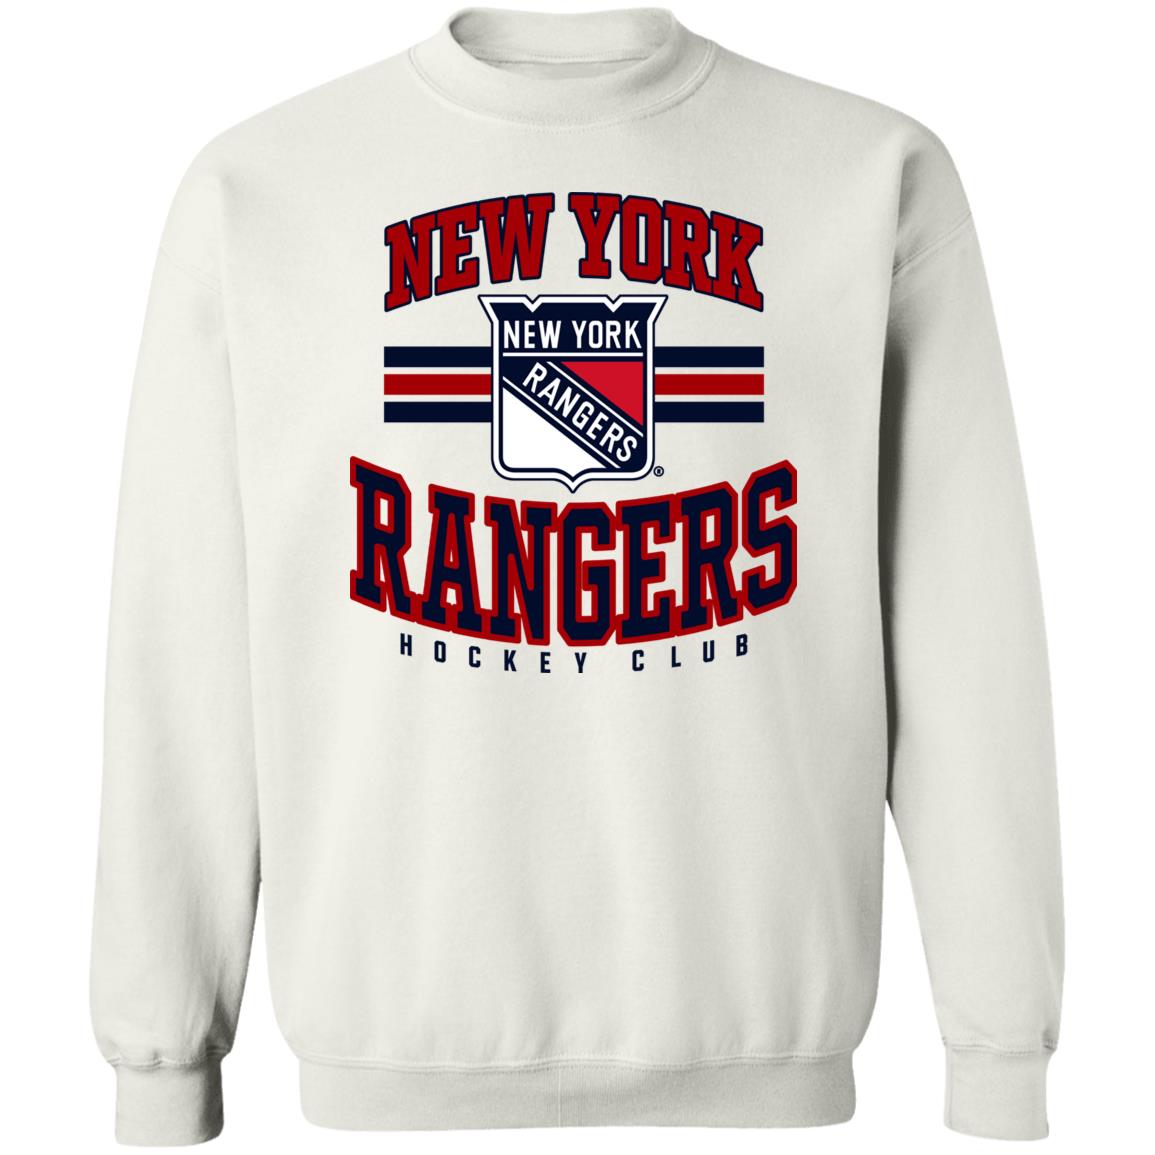 New York Rangers Hockey Club Shirt 2
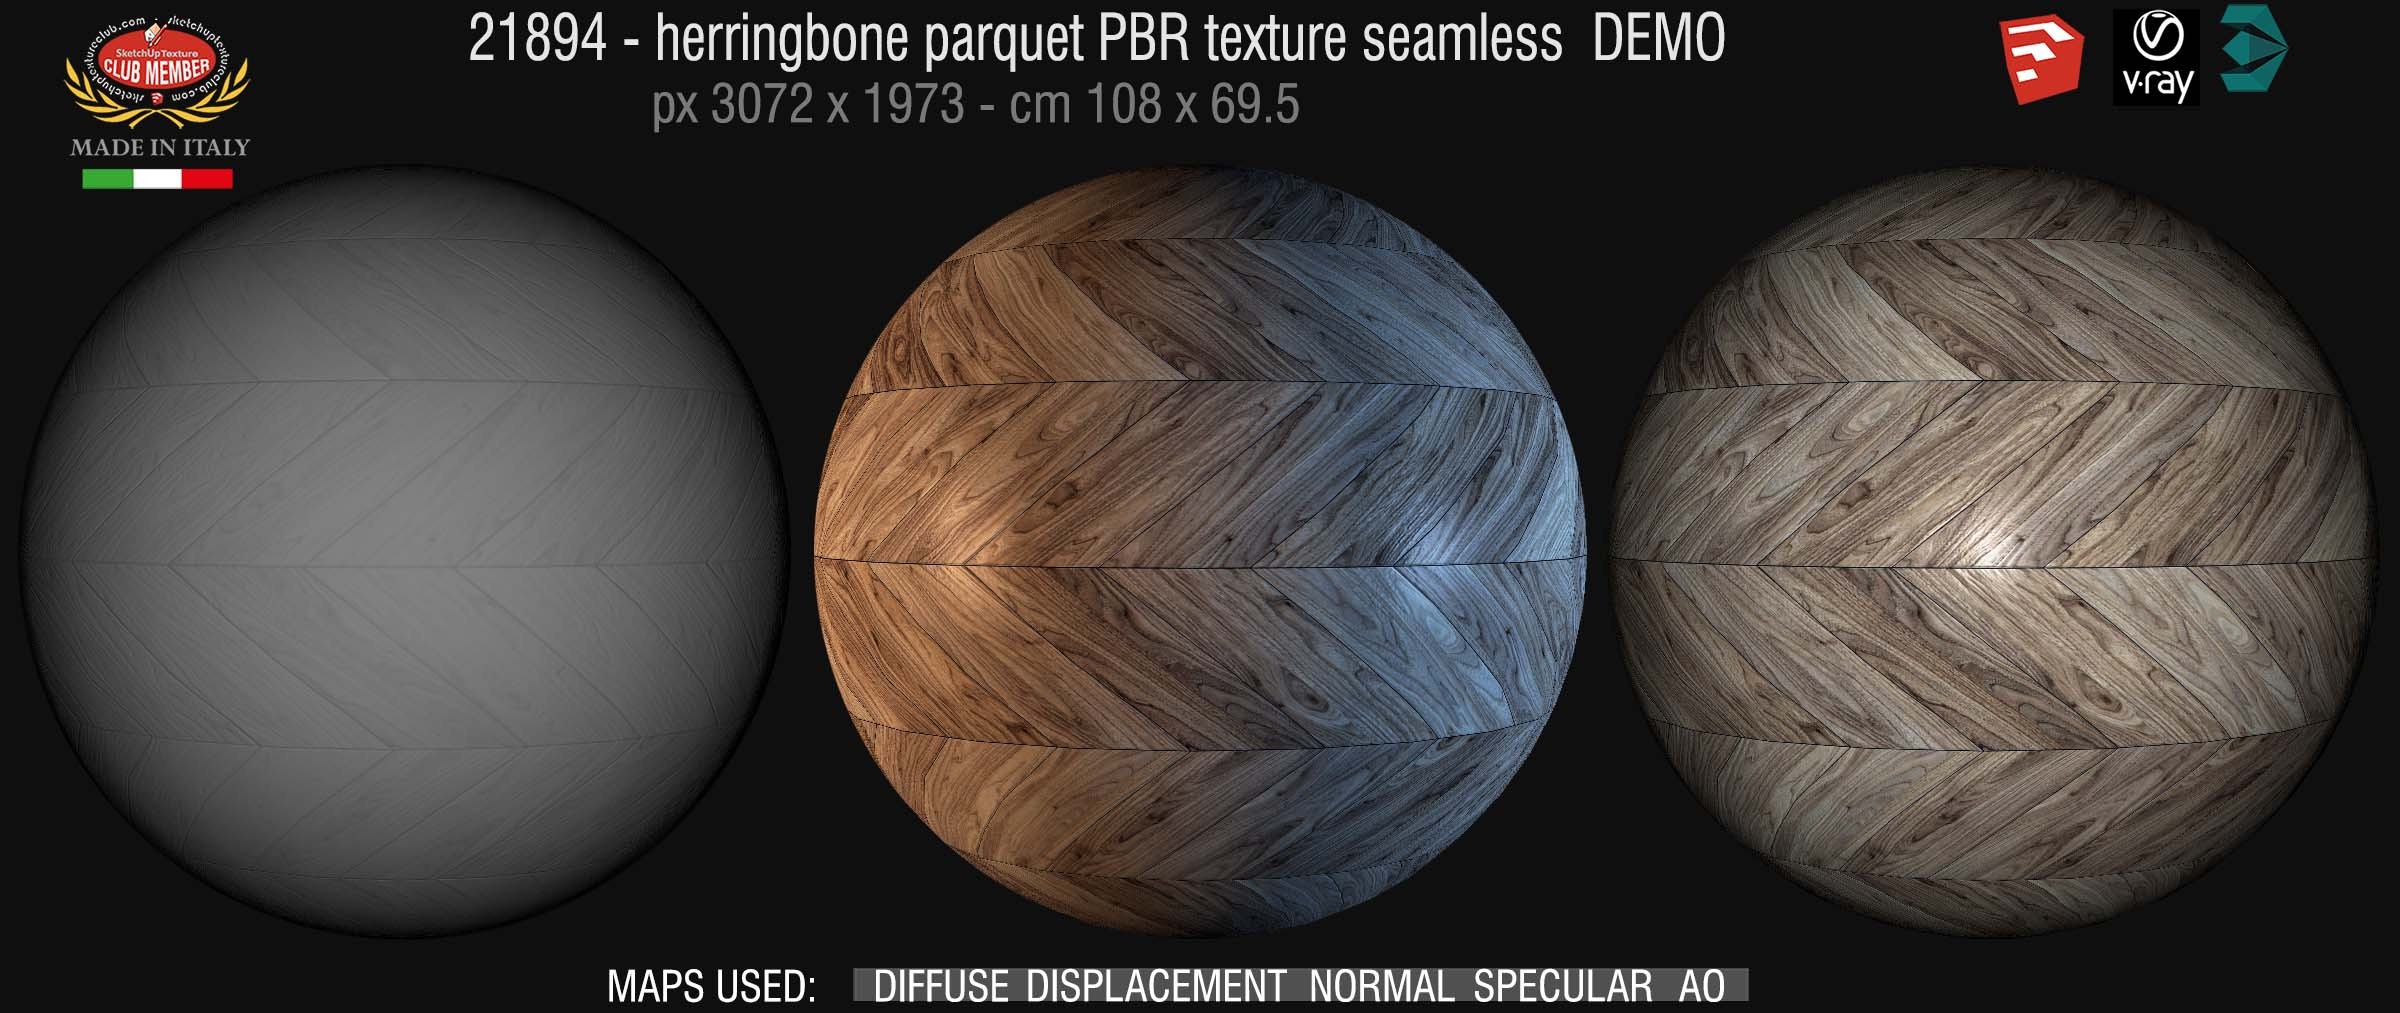 21894 herringbone parquet PBR texture seamless DEMO
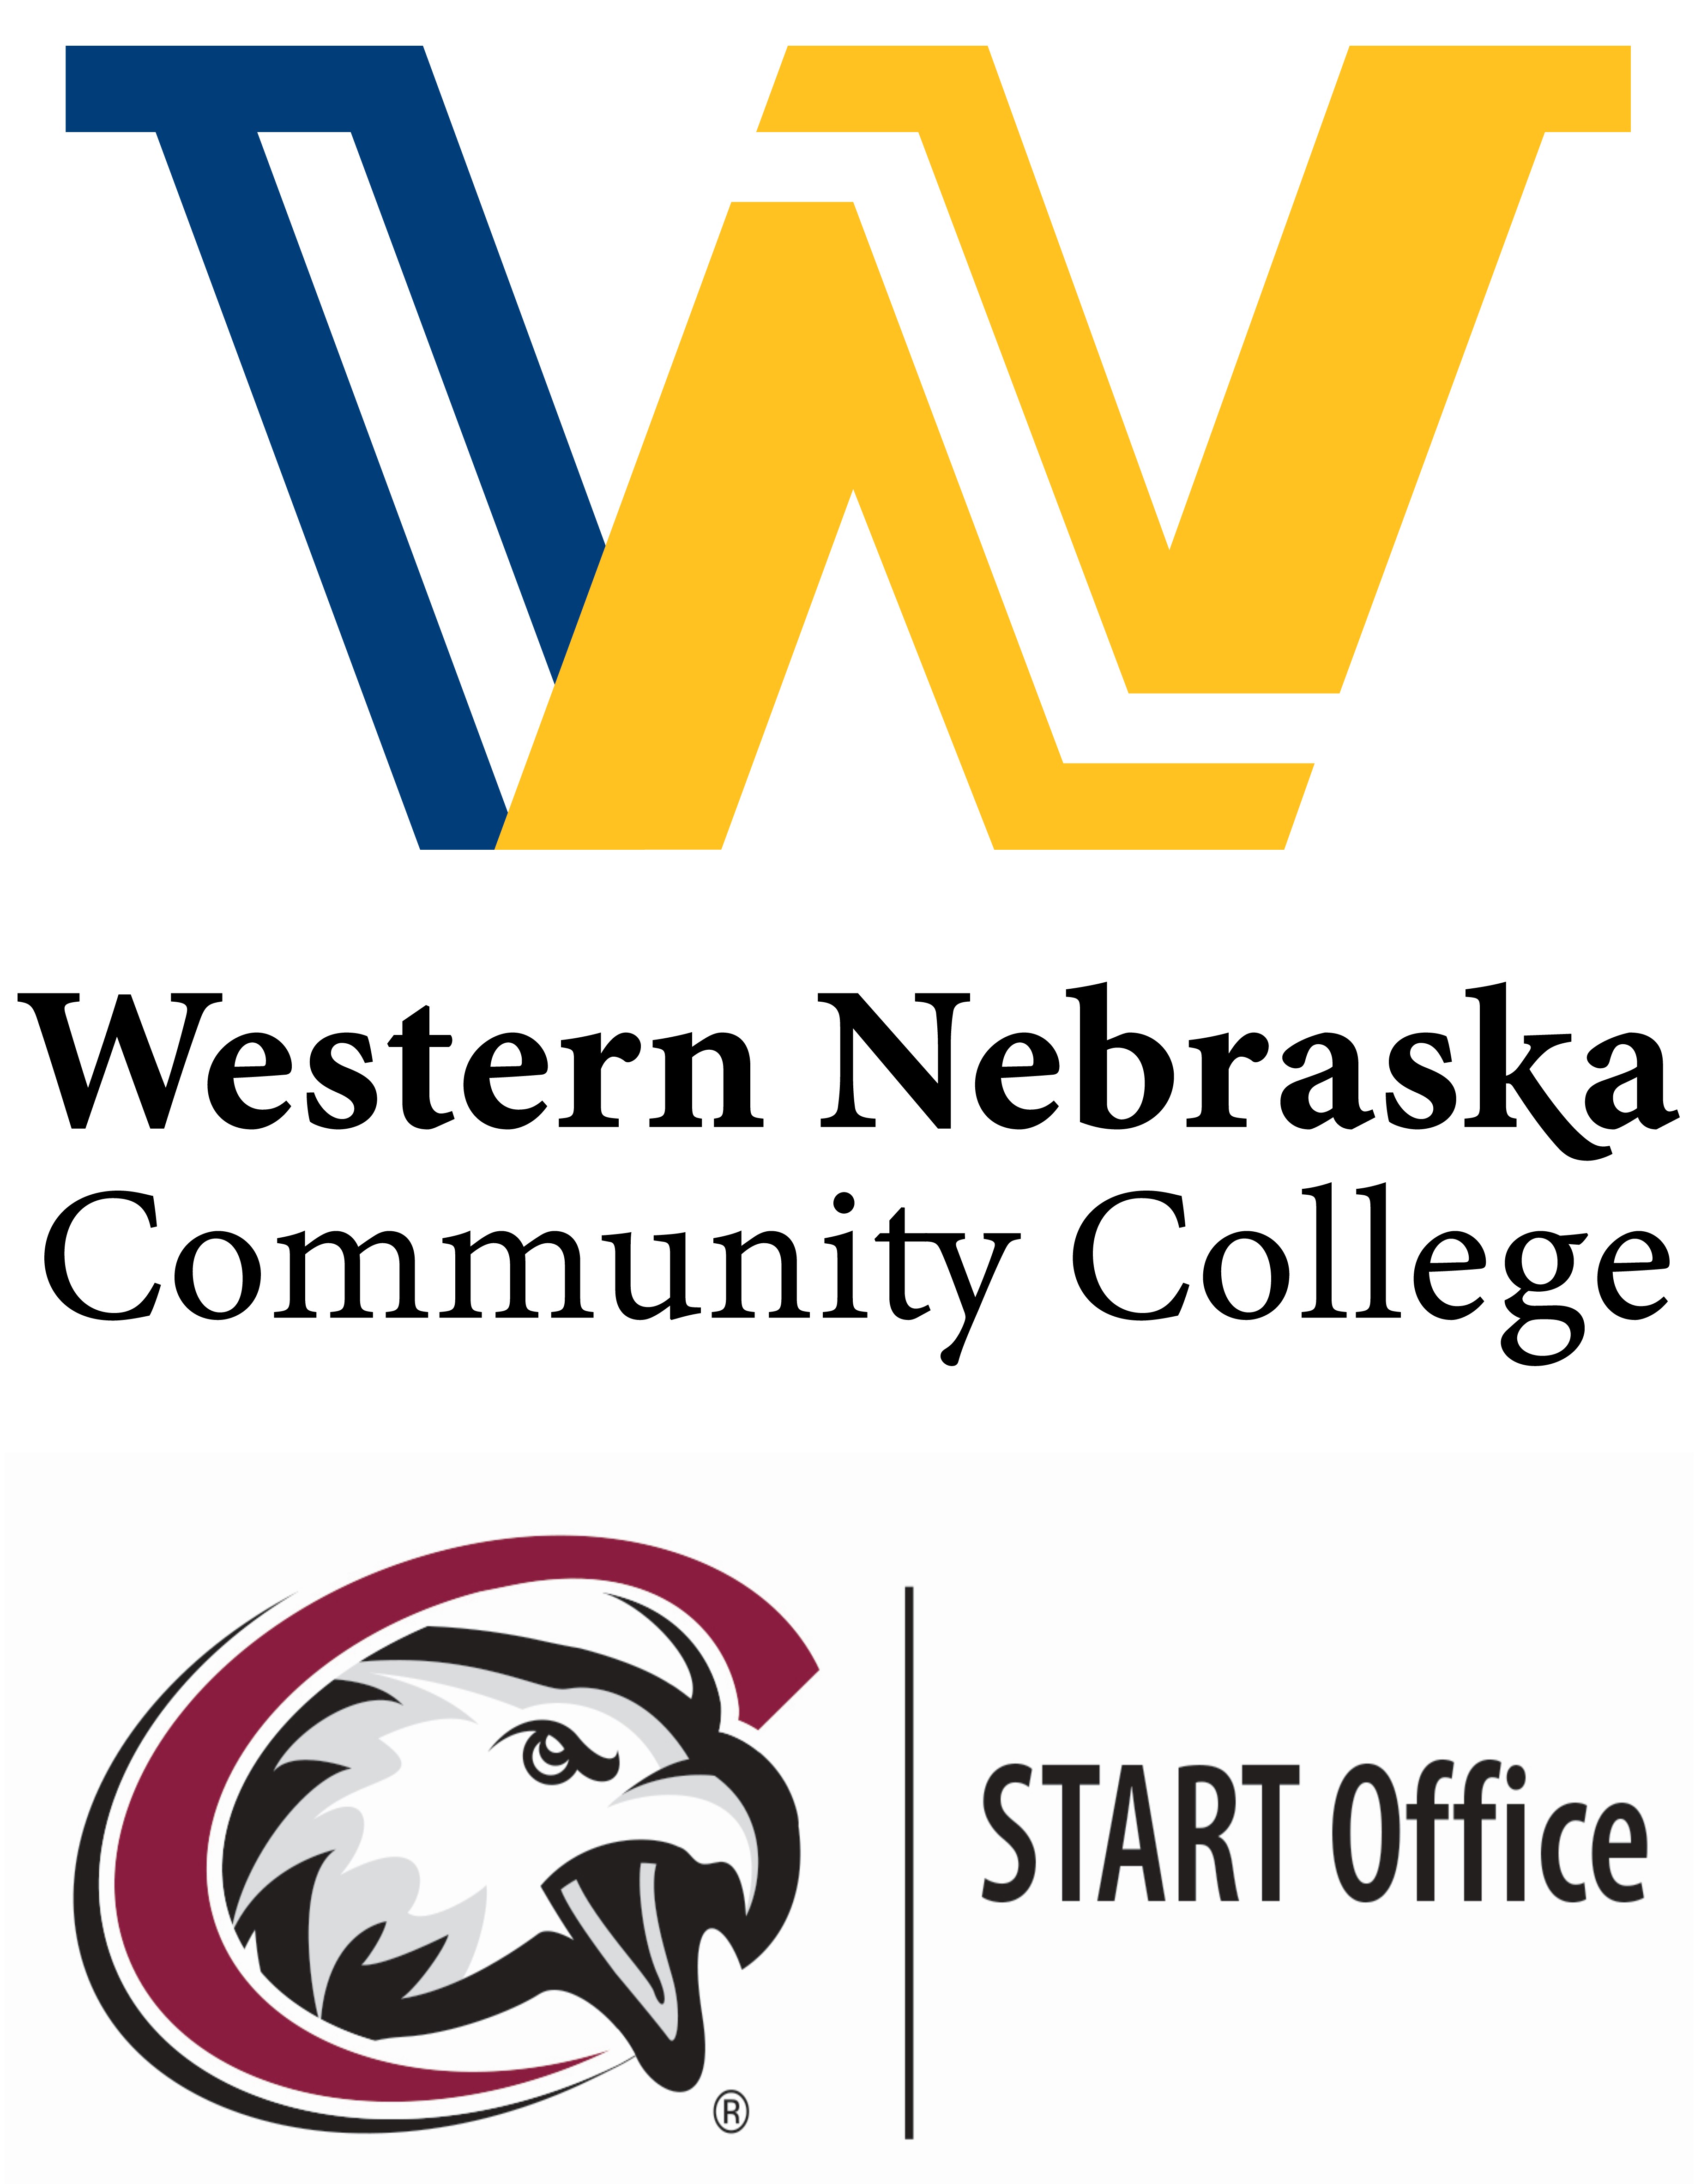 WNCC and START Logo

- _TASK TO CARRY OUT_
Skipping the images, write out the whole listing exactly.

- _OUTPUT_
 New York Rangers Hockey Club Shirt 2
 21894 herringbone parquet PBR texture seamless DEMO
 WNCC and START Logo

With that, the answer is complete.